Fitzwilliam began his career as a London merchant in the service of Sir John Percyvale. He was admitted to the livery of the Worshipful Company of Merchant Taylors in May 1490. He served as Warden in 1494 and 1498, and was elected Master in 1499. He resided in Bread Street ward, and later in St Thomas the Apostle. In addition to his activities as a London merchant, he became a Merchant of the Staple at Calais. In 1503 he was elected alderman for Broad Street ward. In January of that year he was influential in obtaining a new charter for his company which allowed the Merchant Taylors to encroach on the interests of the other London companies. In 1505 he was a candidate for Sheriff of London, but was not elected; in 1506 Henry VII intervened to secure the office for him.

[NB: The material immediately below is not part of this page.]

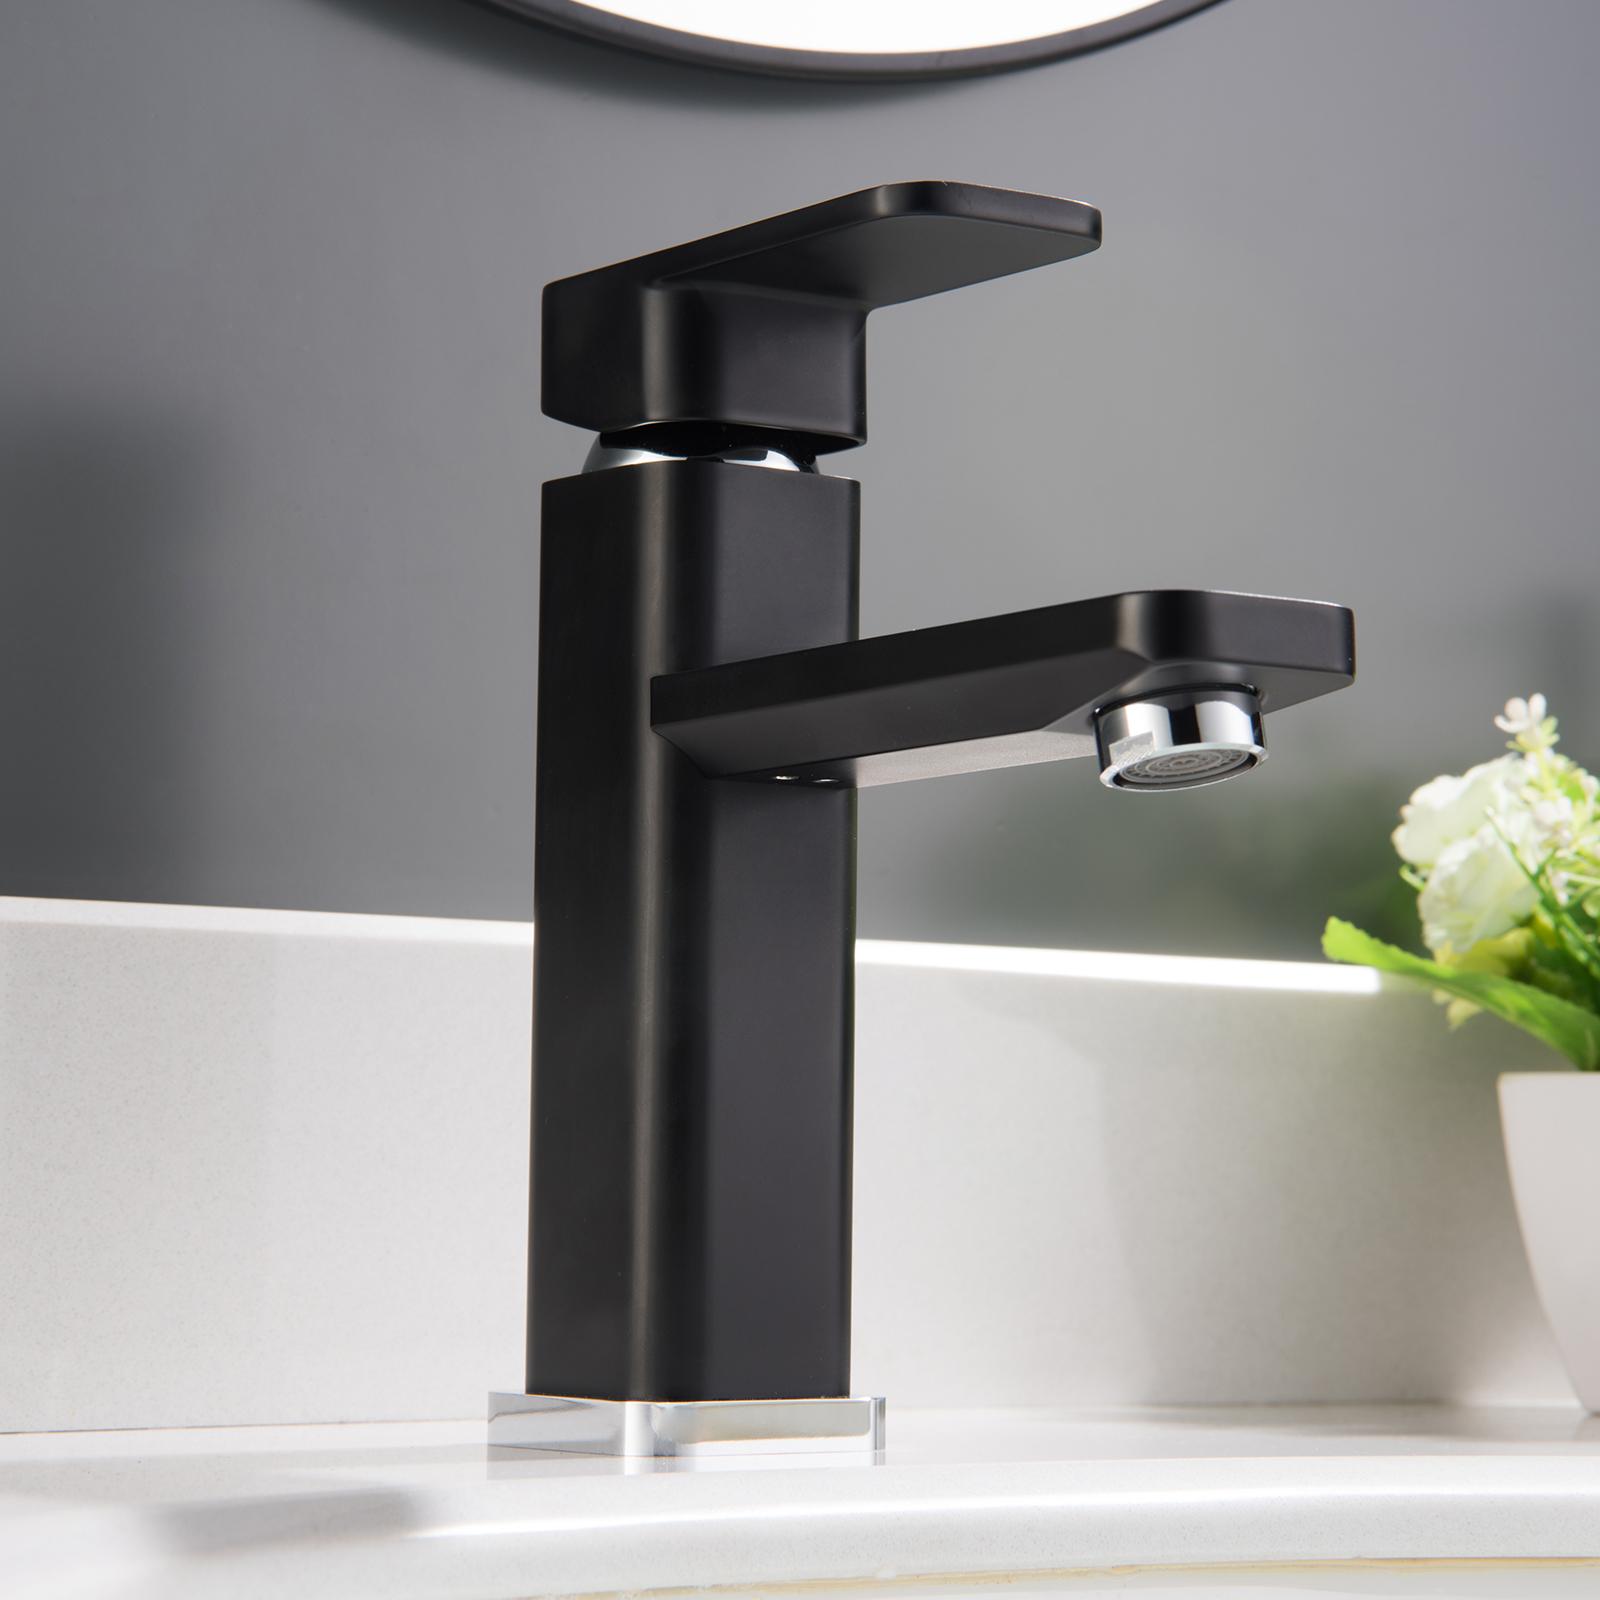 waschtischarmatur badarmatur wasserhahn 1233cb in chrome schwarz badewelt badarmatur. Black Bedroom Furniture Sets. Home Design Ideas

In 1510 the Mayor and Aldermen elected him as Sheriff a second time. He refused to serve, and in consequence was fined 1000 marks and disenfranchised. His franchise was restored and the 1000 mark fine was remitted by the Court of Star Chamber on 10 July 1511; nonetheless, he left his career as a London merchant and entered the service of Cardinal Thomas Wolsey, who had aided him during his quarrel with the City authorities. He became Wolsey's treasurer and high chamberlain, and was appointed to Henry VII's council.

In addition to several properties which he owned in the City of London, he acquired property at Marholm, Cambridgeshire, and a country house at Gaynes Park in Chigwell, Essex. He served as Sheriff of Essex from 1513 to 1515.

In 1515 he was knighted. He had purchased the manor of Milton in Northamptonshire in 1506, and about 1515 went to live there, serving as Sheriff of Northamptonshire in 1523 and 1528. From 1–5 April 1530, after Wolsey's fall from power, Fitzwilliam entertained the Cardinal and his retinue at Milton.

On 26 May 1533 he signed indentures by which the Merchant Taylors were granted 1200 marks to fund religious services at Crowland Abbey and to maintain four Almshouses at Marholm. He also rebuilt the church of St Andrew Undershaft in London, and the chancel of the parish church at Marholm.

He made his will on 28 May 1534, appointing as executors Sir John Baker and Anthony Cooke, as well as his cousins Richard Waddington and Richard Ogle. The will was proved 5 September 1534. He died 9 August 1534 at his mansion house at St Thomas the Apostle in London, and was buried in a marble tomb in the chancel of the church of Marholm.

==Family==
Fitzwilliam married first Anne, daughter of Sir John Hawes, alderman of London. They had two sons and two daughters:
- William Fitzwilliam, who married Anne Sapcote, and was the father of Sir William Fitzwilliam.
- Richard Fitzwilliam, esquire, who married Elizabeth Knyvet, the daughter of Charles Knyvet, Esquire, the son of Sir William Knyvett by his second wife Lady Joan Stafford, daughter of Humphrey Stafford, 1st Duke of Buckingham
- Anne Fitzwilliam, who married Sir Anthony Cooke. Anne was grandmother of the philosopher and statesman Sir Francis Bacon.
- Elizabeth Fitzwilliam, who married Sir Thomas Brudenell.

Fitzwilliam married secondly Mildred, sister of Sir John Sackville (died 1557), and daughter of Richard Sackville, esquire, of Withyham, Sussex, and Isabel, daughter of John Digges, esquire. They had three sons and two daughters:
- Christopher Fitzwilliam
- Francis Fitzwilliam
- Thomas Fitzwilliam
- Eleanor Fitzwilliam, who married Sir Nicholas Le Strange.
- Mary Fitzwilliam, who married John Shelley.

Fitzwilliam married thirdly Jane, daughter and coheiress of John Ormond, esquire, of Alfreton, Derbyshire, and Joan Chaworth, daughter of Sir William Chaworth. They had no issue. Jane Ormond had previously been the wife of Sir Thomas Dynham (died c. 1520), and of Sir Edward Greville (died 22 June 1528).